💖アイドルとして勤務する -理論と実践- #imas_hack
IM@S Engineer Talks - connpassで話した。
あいさつとアジェンダ
こんにちは。mzpです。
本日はアイドルアバターで勤務する話をする。
背景: リモートワークの欠点
ボクの“副業”先はリモートワークを推奨している。これには雨の日は出社が面倒くさいと思う人が多かった、名古屋だけではエンジニアを集めれなかった、など様々な事情がある。
チームメンバーの半数は遠隔地に住んでいるため、リモートワークを前提とした働き方が必要となる。
リモートワークはいくつかの利点があるが、欠点もある。 今回は「自室から勤務する」という欠点にスポットをあてる。
カメラに写る範囲に変なものを置けない。 私はリモートワークをする直前に、カメラに写る範囲から物をどかすという作業をしている。
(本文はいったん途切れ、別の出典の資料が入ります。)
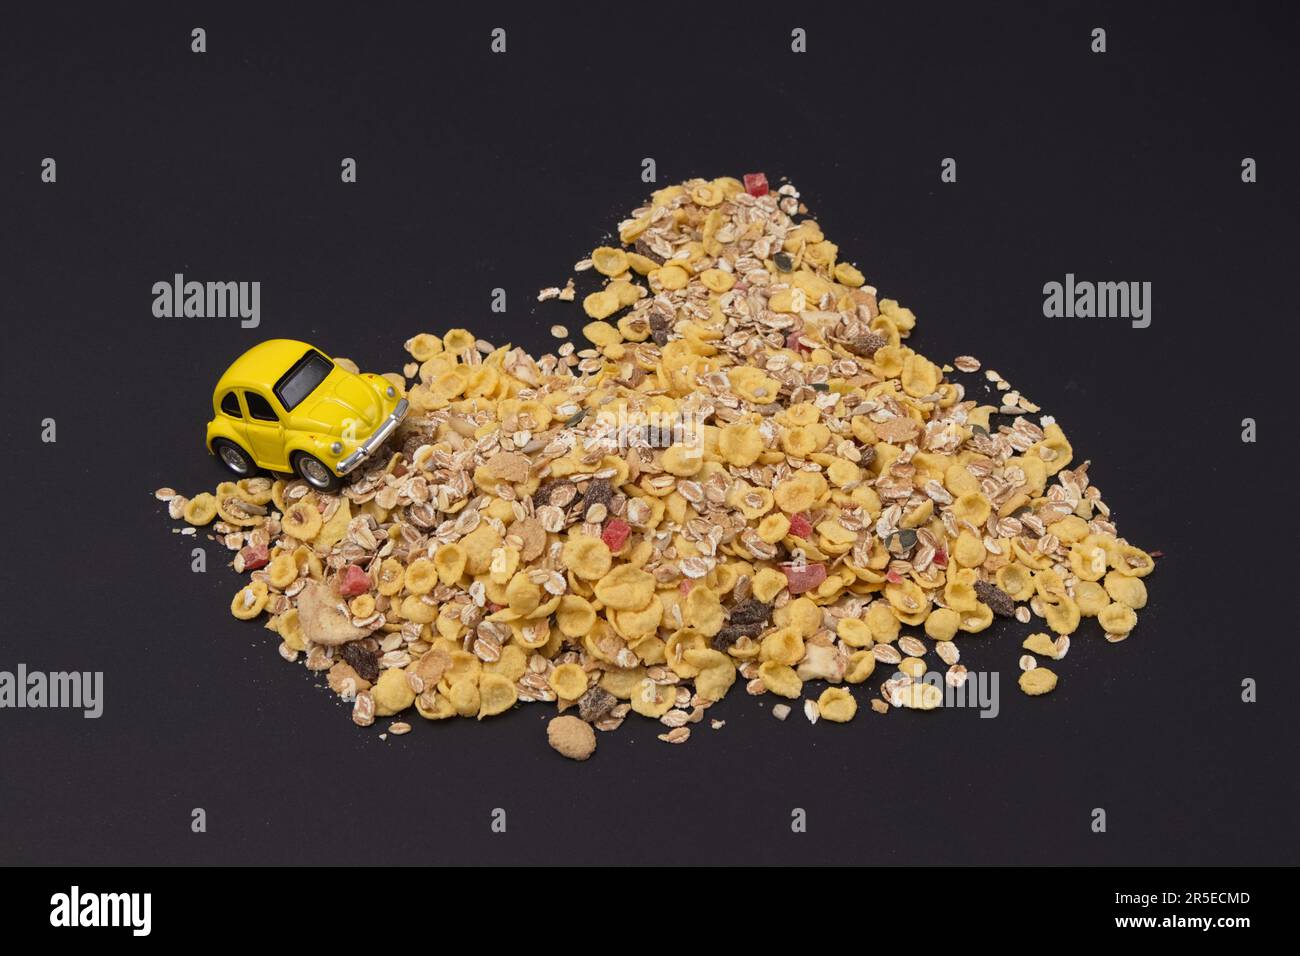 Yellow Beetle climbs a mountain of cornflakes on a black background. Minimal life style concept. Stock Photo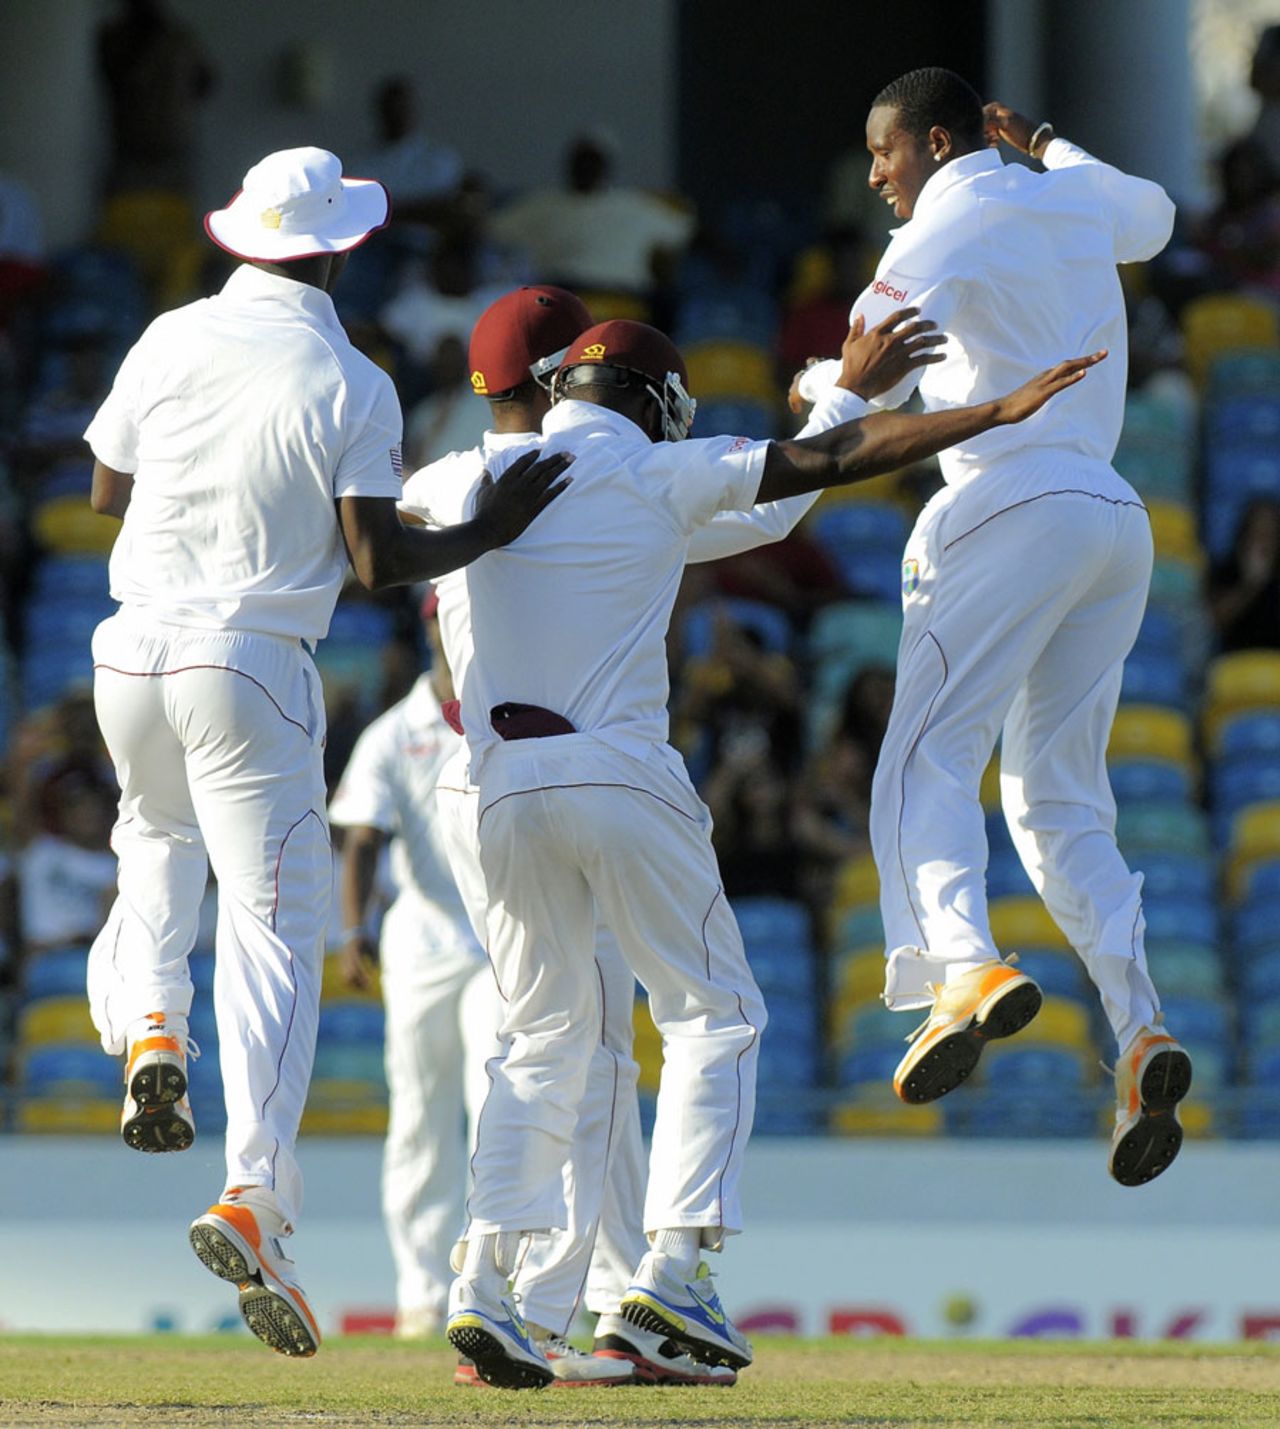 Shane Shillingford celebrates after taking a wicket, 1st Test, 2nd day, March 13, 2013

よく写るように、部屋の照明をだいぶ明るくする必要がある。 まぶしい。
この問題は弊社固有ではないらしく、同じくリモートワークを推進するソニックガーデン社ではこのような解決案が提案されている。(テレビ会議を劇的に円滑にする簡単なノウハウ | Social Change!)
このようにカメラのうつる範囲にオフィス風のポスターをはることで、自宅にいながらオフィスで勤務しているかのようにみせることができる。
こういった問題があるため、社内でVR勤務を求める声があがりはじめた。 これは全社集会で「10年後なにをやっていたいか」という話をした結果だが「アバター勤務」がやりたいことにあげられている。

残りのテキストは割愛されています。